I want to install contrasting fork tips on one of the nice Tulip forks given to me by Harpersgrace. Not being a man of many tools, however, I am having a bit of trouble mating the tips at this point.

My biggest initial problem was how to clamp the tips. Then I came up with the idea of epoxying in threaded rod for the pins, then epoxying the forks onto the rod & tips and clamping them down with a wingnut & washer, as pictured.









But now I have a new challenge. Since I only have a hand drill, I could only drill down into the forks by eye, and of course the hole isn't 100% perpendicular to the fork tip so that the pieces aren't exactly flush (luckily one tip is perfect, though). Any suggestions as to how to get them flush without screwing things up?


















The tip on the left is not flush.


----------



## harpersgrace (Jan 28, 2010)

Fraid I can't help you, but hope you enjoy the tulip wood....


----------



## ZDP-189 (Mar 14, 2010)

Simple: Glue then drill.

Complicated: V-Clamp on a drill press table set at 90 degrees.


----------



## ZDP-189 (Mar 14, 2010)

Also, use a vulcan fibre spacer. That hides problems with getting it flush.


----------



## AJW (Apr 24, 2011)

Glue then Drill .... so simple (most) everyone (me) missed it. Simple and effective.

Al


----------



## Dayhiker (Mar 13, 2010)

Thanks fellas, but it's the glue then drill part that I'm worried about.
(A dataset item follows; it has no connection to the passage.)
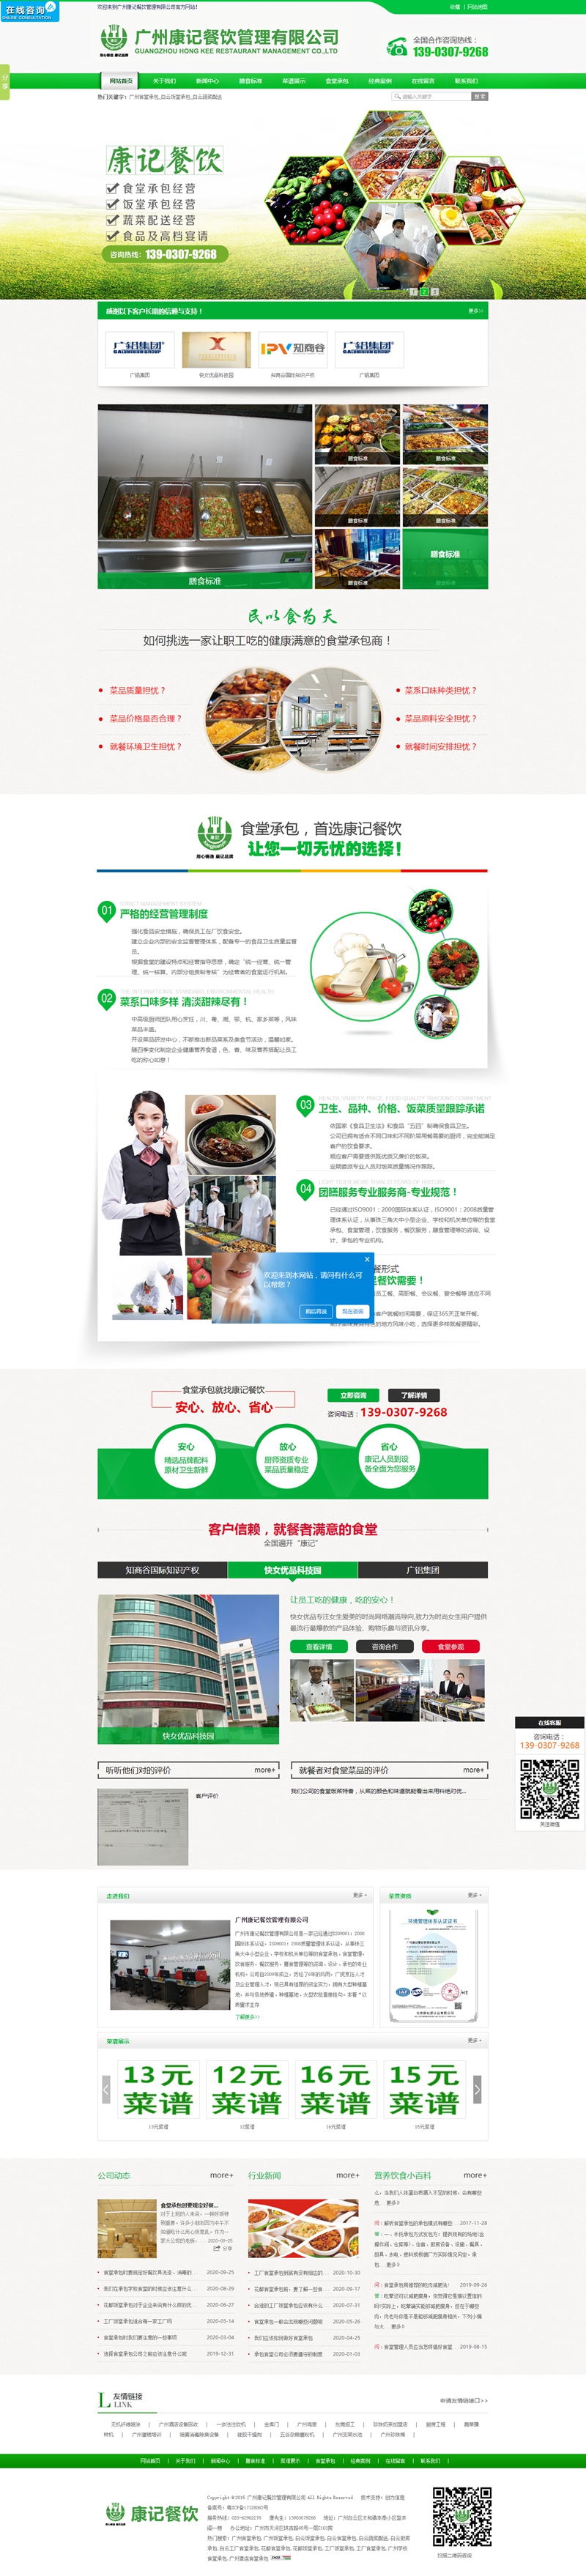 康记餐饮管理官方网站建设首页效果图展示

Maybe I'm being thick, but there will be a clamping problem if I don't glue in the posts first, right?

In any case, the posts are epoxyed in already on this one. Dan, I might go with the fibre spacers but I don't know if this one tip is worth it?


----------



## ZDP-189 (Mar 14, 2010)

Regarding the glue then pin method, it's not a new idea. This was the technique we used when making knives. If you glue one by one with epoxy, it will not be an issue. You can use quick set epoxy because the tension will be taken up later by the allthread.

Regarding the rescue of this particular fork, you might rescue it by cutting a groove around both the joins and fill with dyed epoxy. The rings will be of equal spacing and in any case, the wider band makes it harder to see if anything is a little out.


----------



## Dayhiker (Mar 13, 2010)

Thanks, Dan. I have already made a more crude adjustment on this one. I will just consider this one a learning experience. Thanks for your help. I still have another Tulip fork and some Black Cherry. What you suggested just now will be the way I will go.


----------



## Blue Danube (Sep 24, 2011)

If you groove the bottom of the caps, top of forks for banding the problem "vanishes"...


----------



## Dayhiker (Mar 13, 2010)

What about the strength of the bond, though? Doesn't there have to be a dead fit?


----------



## harpersgrace (Jan 28, 2010)

DH, you'll probably feel better with the next one. It'll be all you from start to finish, instead of picking up where I left off Just remember the other one was completely green, just as I cut it from the branch.


----------



## ZDP-189 (Mar 14, 2010)

Dayhiker said:


> What about the strength of the bond, though? Doesn't there have to be a dead fit?


Not if it is glue filled and backed up with allthread in epoxy.


----------



## Blue Danube (Sep 24, 2011)

Yeppers the load is BELOW the tip on main body with your combined components tis but a blemish easily hidden...


----------



## harpersgrace (Jan 28, 2010)

DH, how did it turn out??


----------



## Dayhiker (Mar 13, 2010)

Hi Scott,
The tips came out fairly well. I just glued on a butt cap last night and today I will be finishing the slingshot. I think it will be a fair to middling piece. I'm learning, thouth, ha ha!


----------



## harpersgrace (Jan 28, 2010)

looking forward to seeing it, what do you think of the tulip wood so far??


----------



## Blue Danube (Sep 24, 2011)

DayHiker, 
is it done yet? 
Is it done yet? Lol

I am REALLY looking forward to seeing the finished product.


----------



## Dayhiker (Mar 13, 2010)

It is done and I will post it when the sun comes up today.


----------